Highlights & Insights¶
- Masking task-critical regions is substantially more informative than masking random regions.
- Task-coupled contrastive learning more directly benefits downstream tasks.
Limitations & Future Work¶
- DAReM hyperparameters require tuning.
- Validation is conducted primarily on Transformer backbones.
Related Work & Insights¶
- vs. TARNet: TARNet performs point masking with reconstruction. STaRFormer generalizes to regional masking with semi-supervised contrastive learning.
- vs. TS2Vec/TimesURL: These methods adopt decoupled self-supervised learning. STaRFormer couples representation learning with downstream tasks.
Rating¶
- Novelty: ⭐⭐⭐⭐ The combination of DAReM and semi-supervised contrastive learning is novel.
- Experimental Thoroughness: ⭐⭐⭐⭐⭐ 56 datasets × 3 task types.
- Writing Quality: ⭐⭐⭐⭐ The methodology is clearly articulated.

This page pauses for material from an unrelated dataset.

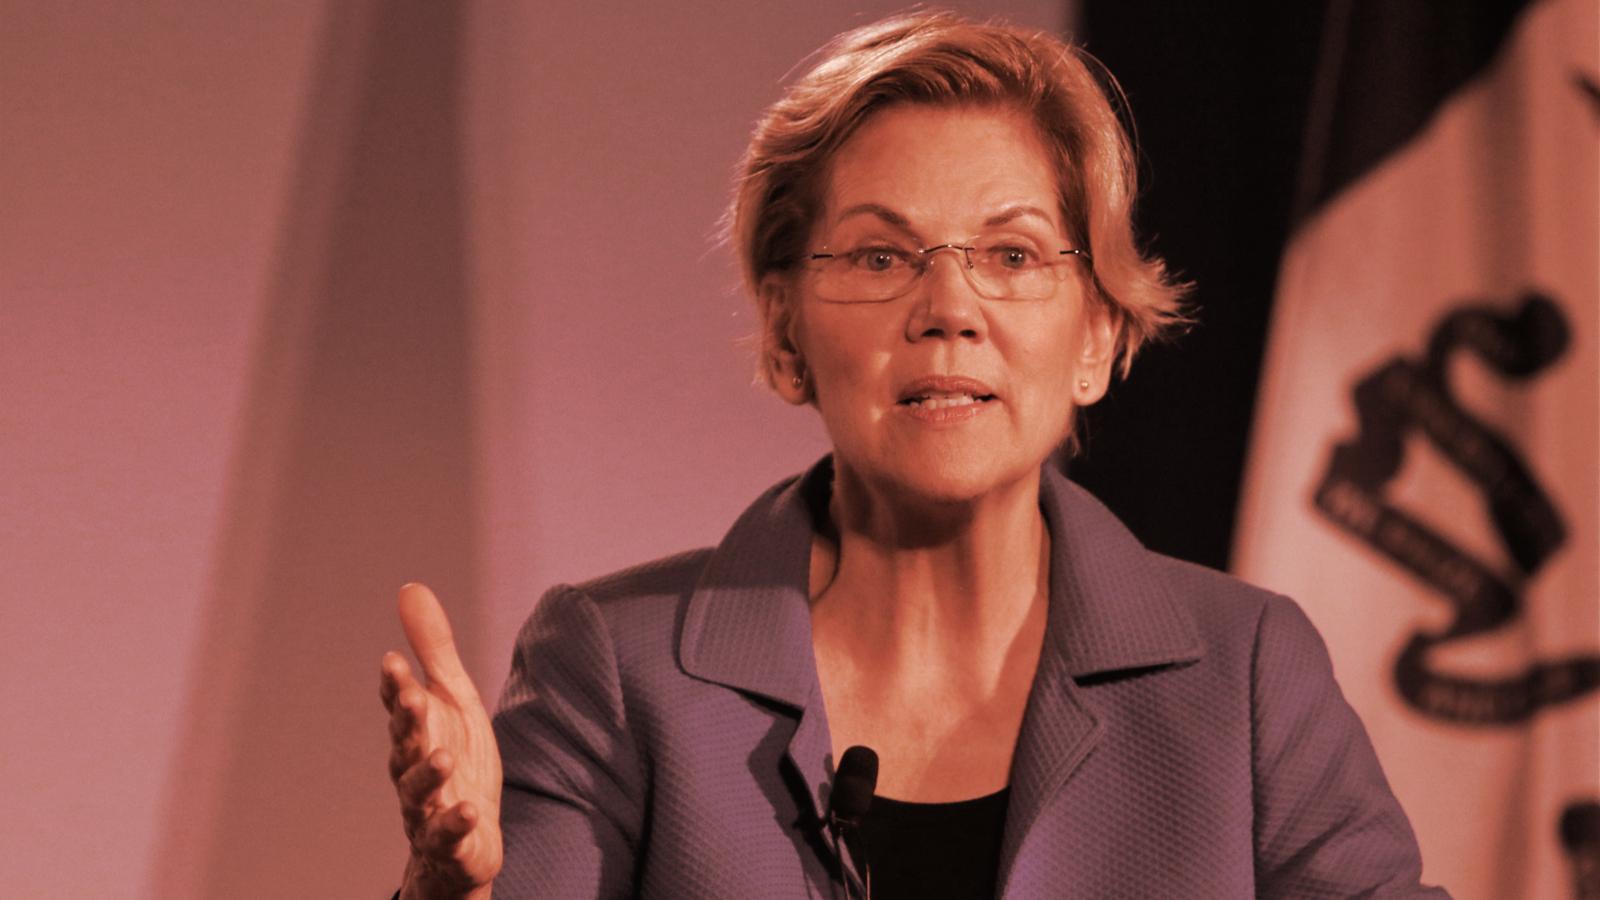 Sen. Elizabeth Warren: Crypto Puts Financial System in the Hands of 'Shadowy Super-Coders'

- Value: ⭐⭐⭐⭐ Provides important reference for time-series representation learning.
Supplementary Technical Details¶
- DAReM involves three hyperparameters: \(\varphi\) (maximum masking ratio), \(\zeta\) (attention score threshold), and \(\gamma\) (regional boundary).
- The contrastive learning temperature \(\tau\) is set to 0.1 across all experiments.
- Validation on the BMW industrial dataset (Digital Key Trajectories) demonstrates practical deployment value.
- For regression tasks, k-means clustering is used to generate pseudo-labels, where \(k\) is a hyperparameter requiring optimization.
- For anomaly detection tasks, element-wise contrastive learning is employed, incorporating both intra-class and inter-class positive pair combinations.
- Experiments in large-scale federated learning settings have been conducted in a parallel work [forstenhausler_leveraging_2025].
- Achieving the best performance on 14 out of 30 datasets in the UEA multivariate benchmark demonstrates the generality of the framework.
- The method is particularly effective on irregularly sampled medical datasets (P19/P12/PAM).
- Comparisons with ViTST indicate that directly modeling time-series is more effective than converting them to images for ViT-based processing.
- Multiple state-of-the-art F1 scores are achieved on 5 anomaly detection datasets.
- Regression tasks are validated in industrial equipment predictive maintenance scenarios.
- Parameter sharing in the Siamese network incurs only approximately 30% additional computational overhead.